Pfizer, which is working with German drug maker BioNTech to develop a vaccine, “will absorb a financial hit if the vaccine fails, but was adamant about not taking government funding to keep the process apolitical, with CEOs of nine pharmaceutical companies having recently felt compelled to push back against a growing perception that Donald Trump and his administration were pressuring regulators to get vaccines and therapies to market ahead of the November 3 presidential election, pledging that their companies would not seek premature approvals or authorizations,” wrote MarketWatch.

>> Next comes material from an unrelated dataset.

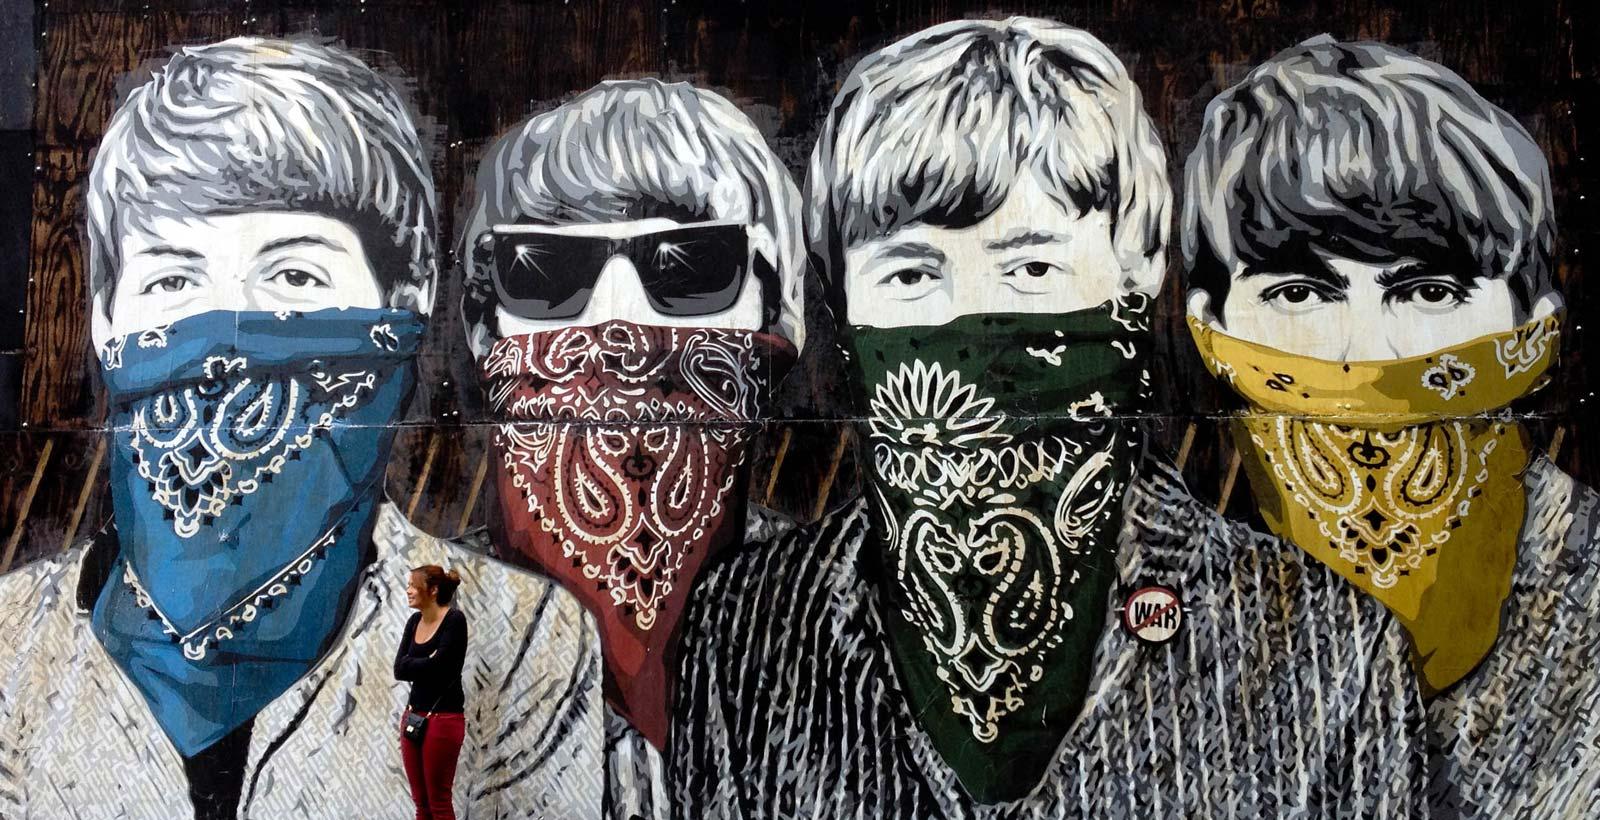 Quatre garçons dans le vent, masqués (Image : James Jardine).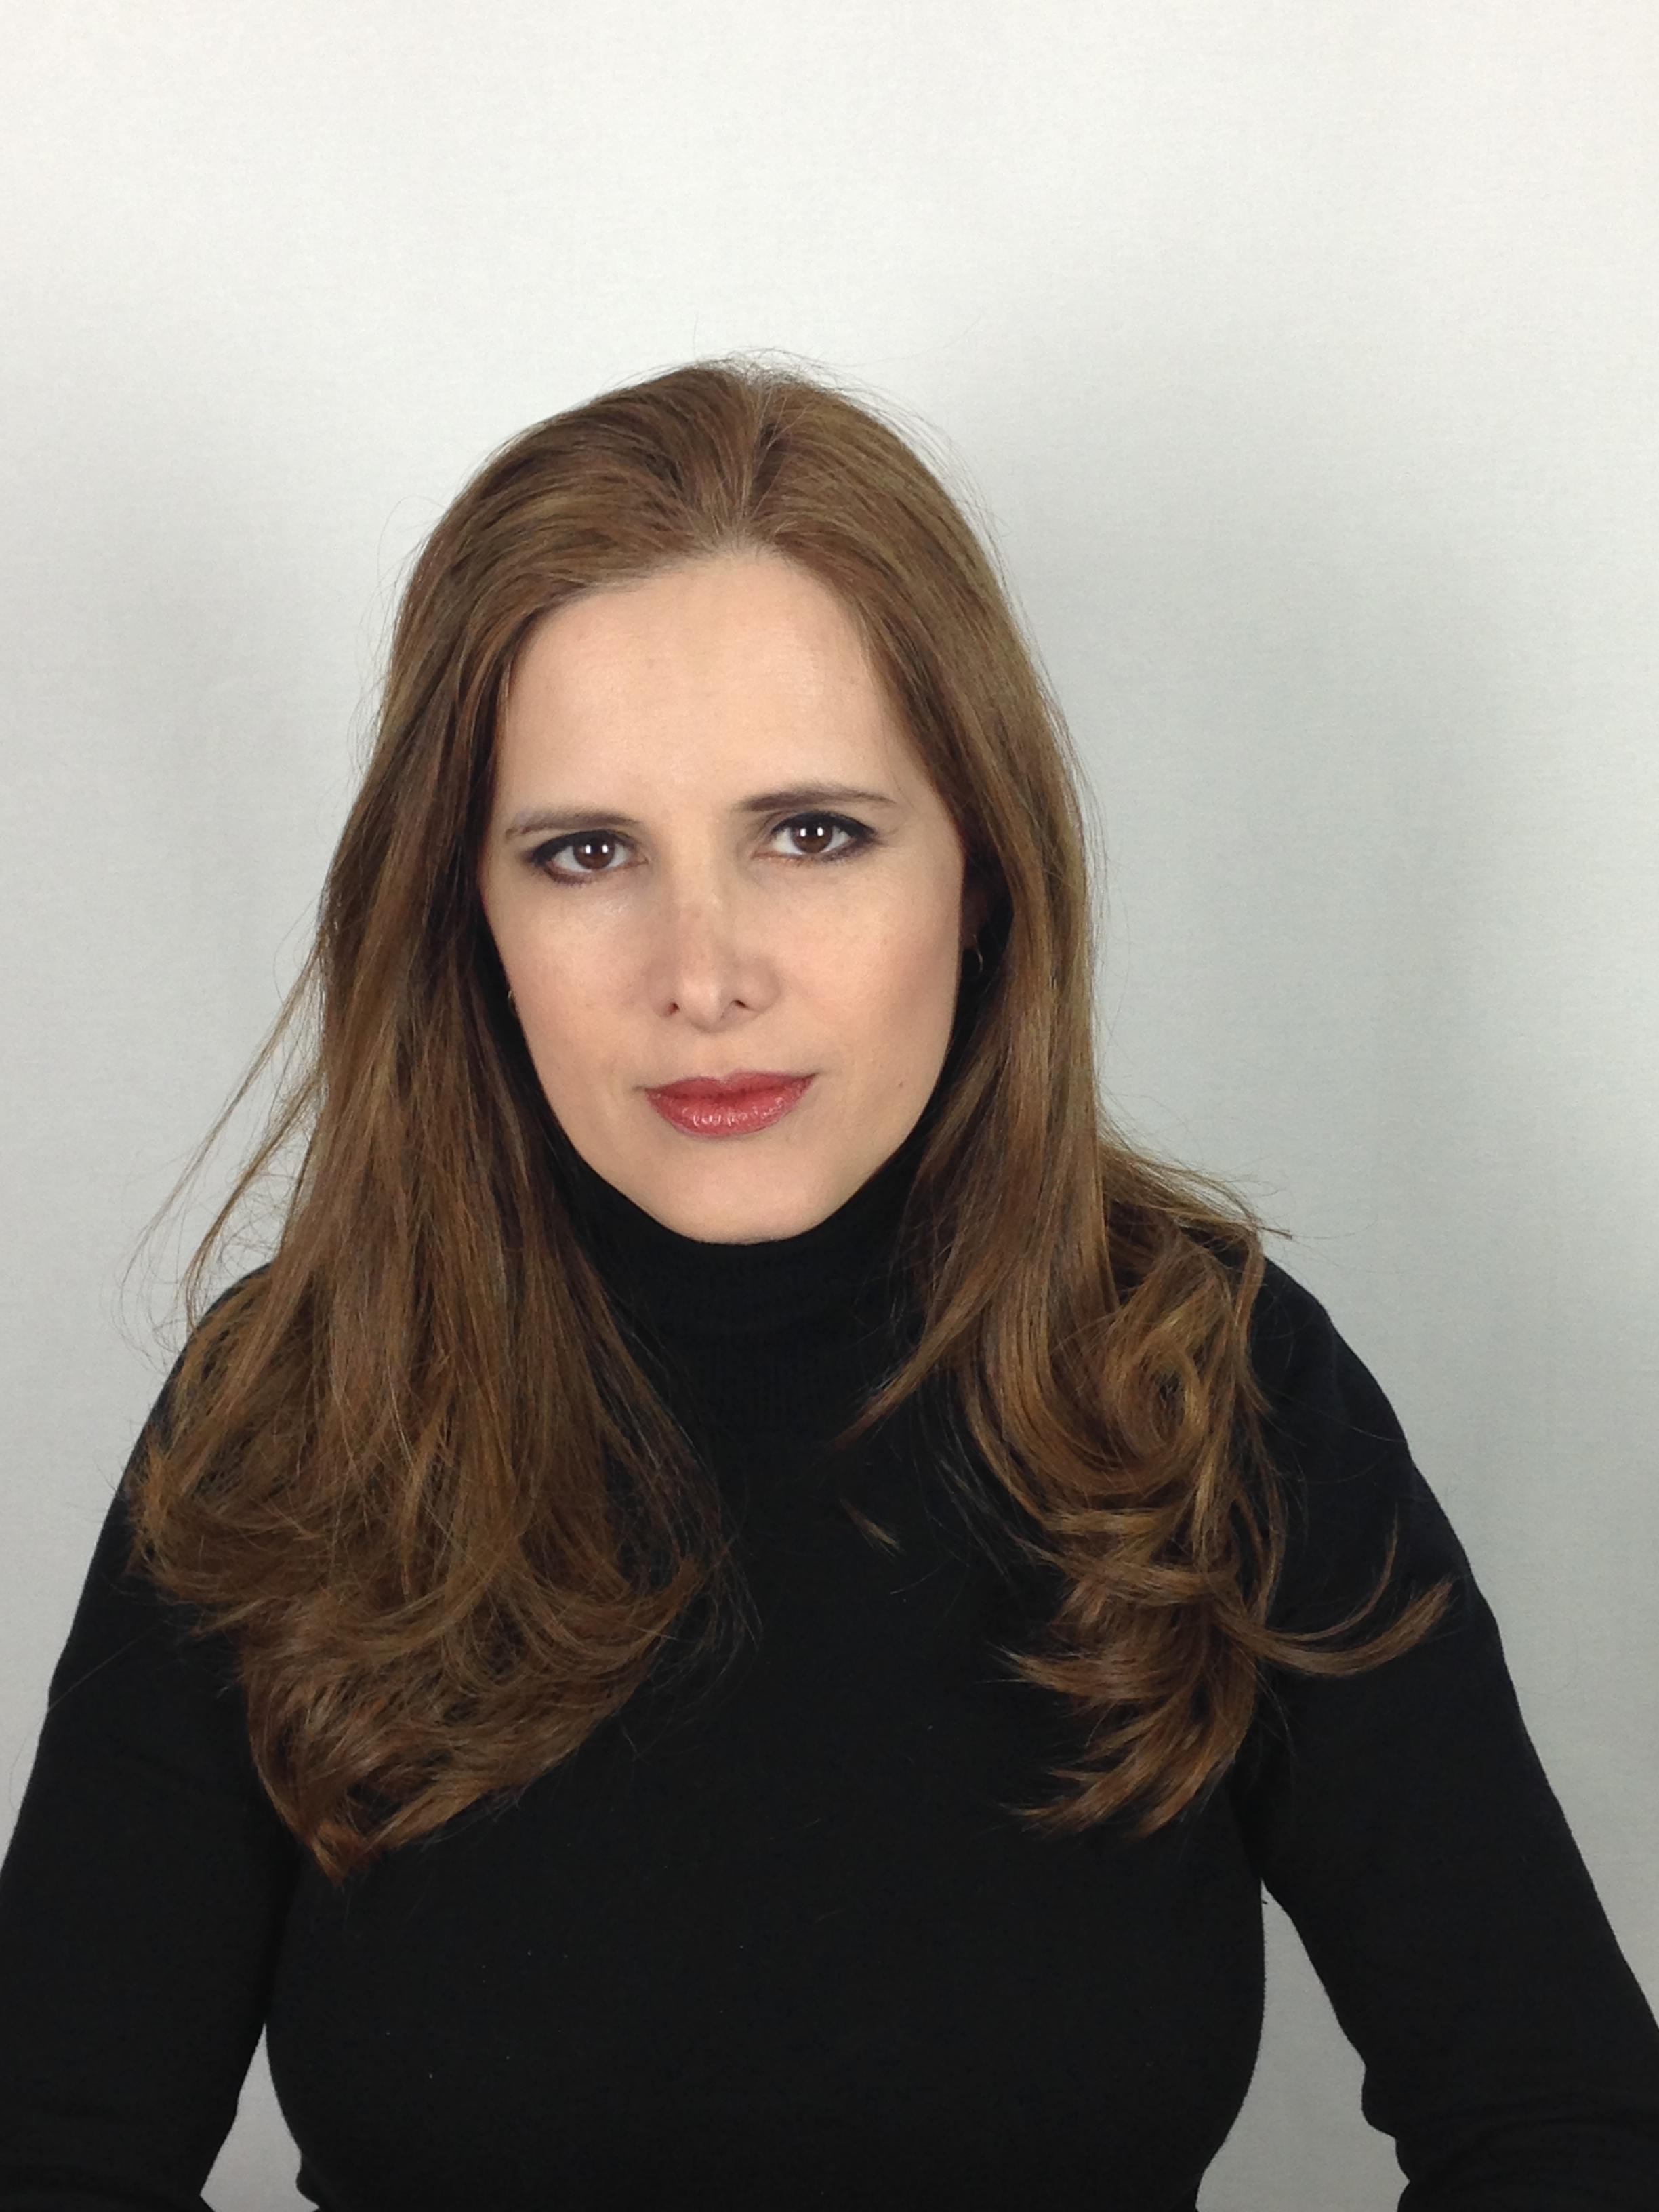 Entrevista a Elisa Guerra, experta en desarrollo infantil

“I wanted to liberate our scientists from any bureaucracy … basically I gave them an open checkbook so that they can worry only about scientific challenges, not anything else. And also, I wanted to keep Pfizer out of politics,” Bourla said, and noted that Pfizer has already invested about $1.5 billion.

“At the end of the day,” said Bourla, “it’s only money. But that will not break the company, although it’s going to be painful,” in the case that the vaccine does not work.

Pfizer and BioNTech is seeking FDA approval to expand Phase 3 vaccine trials from 30,000 to 44,000 participants.

In July several companies announced a $1.95 billion deal with the U.S. government to produce 100 million doses of vaccines that are approved by the government.

Also on the vaccine front, MarketWatch reported that “AstraZeneca PLC AZN, +0.93%  said it has resumed its vaccine study in the U.K. after halting global studies last week to investigate an unexplained illness in a participant. While British regulators said the trial was safe to proceed, the study remains paused in other countries.”